The Israeli army continues its preparations for a ground offensive, massing soldiers on the outskirts of the Gaza Strip and carrying out limited incursions there to target Hamas infrastructure and seek to locate missing or kidnapped people.

This prospect worries the international community, which fears an escalation of the conflict. Iran, an ally of Hamas, warned that the situation risked becoming “out of control” in the Middle East. The United States has strengthened its military presence in the region. An initiative which runs the risk of an “escalation” of the conflict, declared the head of Russian diplomacy Sergei Lavrov in Tehran on Monday.

Strikes on the South

Since October 15, the Israeli army has called on civilians in the north of the Gaza Strip, where the bombardments are most intense, to flee to the south. However, the strikes also continue to affect the south, close to the Egyptian border, where the displaced are massed by the hundreds of thousands.

The humanitarian situation is “catastrophic”, the UN has warned, with at least 1.4 million Palestinians having fled their homes. In Rafah, men filled plastic containers with water from cisterns, while others searched the ruins of a building destroyed by a strike, looking for survivors.
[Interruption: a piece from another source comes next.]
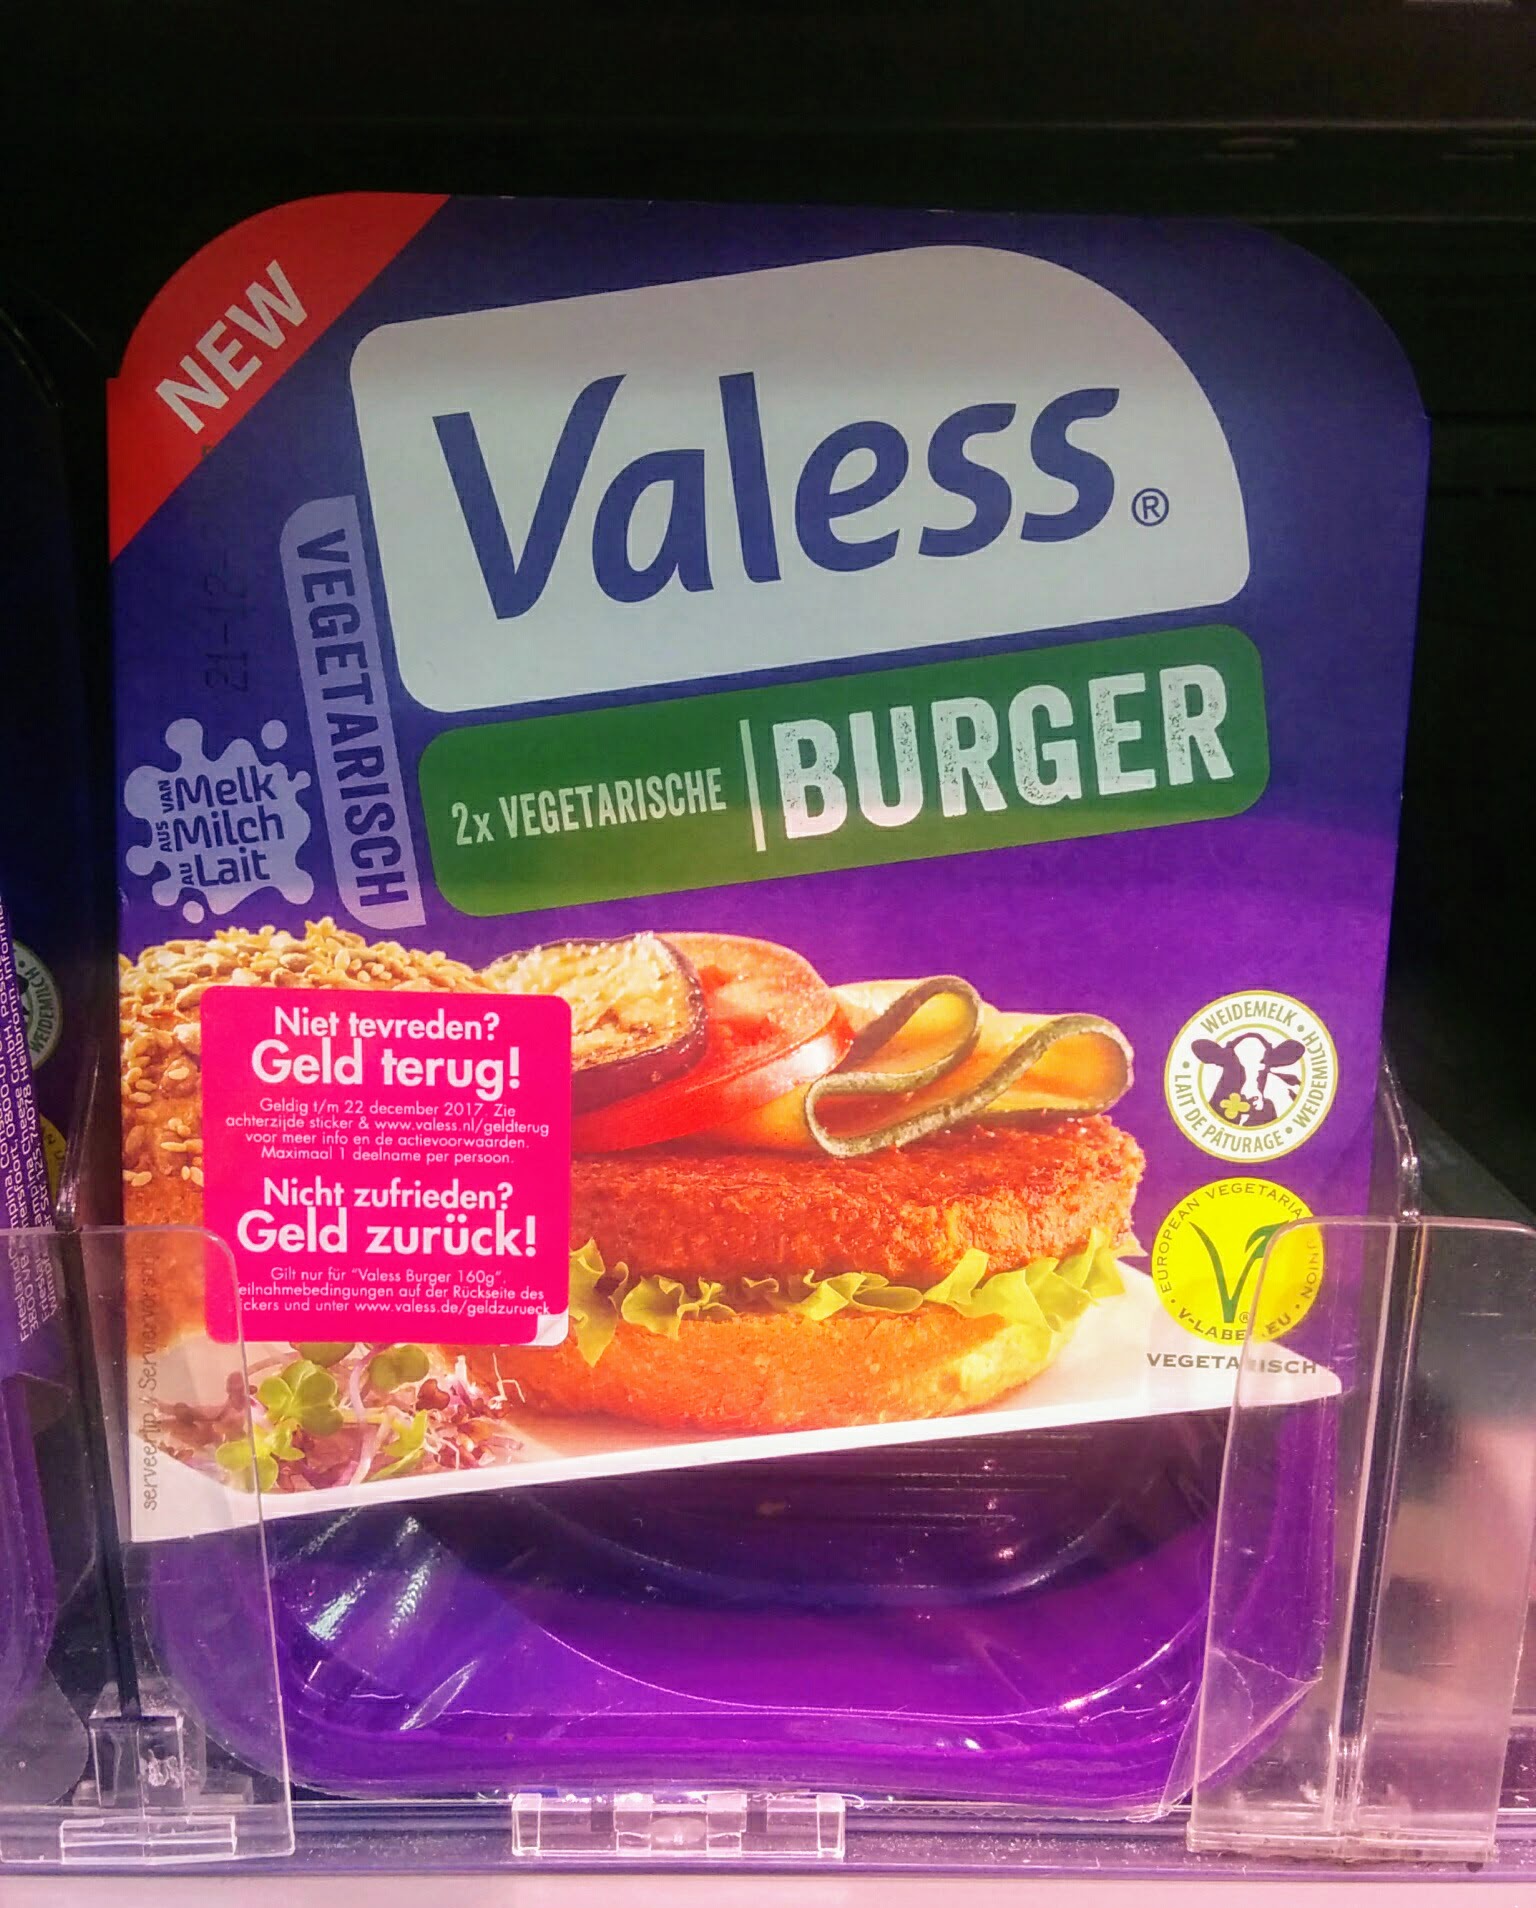 Valess Burger vegetarisch
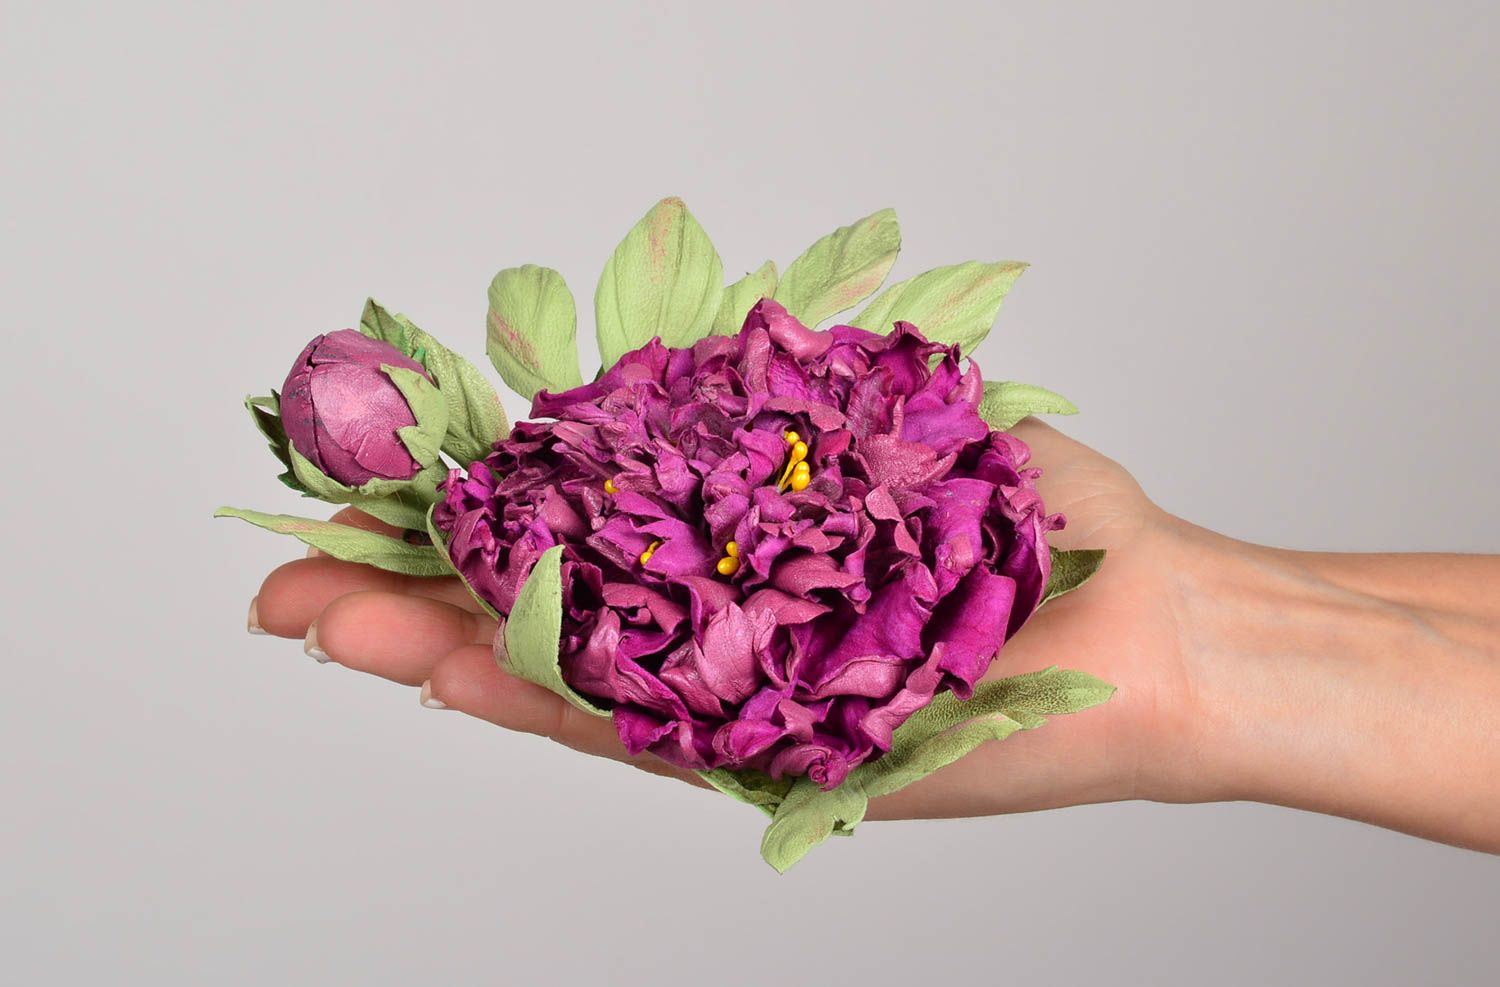 Авторская бижутерия хэнд мэйд красивая брошь фиолетовый цветок брошь из кожи фото 5

“They put the torn body of my son in a blue bag, Cham was charred,” chokes Ayman Abou Chamalah, a 34-year-old Palestinian, who lost two children and his wife in a bombing. In Khan Younès, still in the south, a family was also preparing to bury children killed in a bombing, their bodies draped in white carried to the cemetery by relatives.

In Lebanon, more than 19,000 people were displaced after an increase in clashes between the Israeli army and Lebanese Hezbollah, supported by Iran and ally of Hamas, on the border between the two countries, according to the International Organization for Migration (IOM).

The border area on the Israeli side was also evacuated.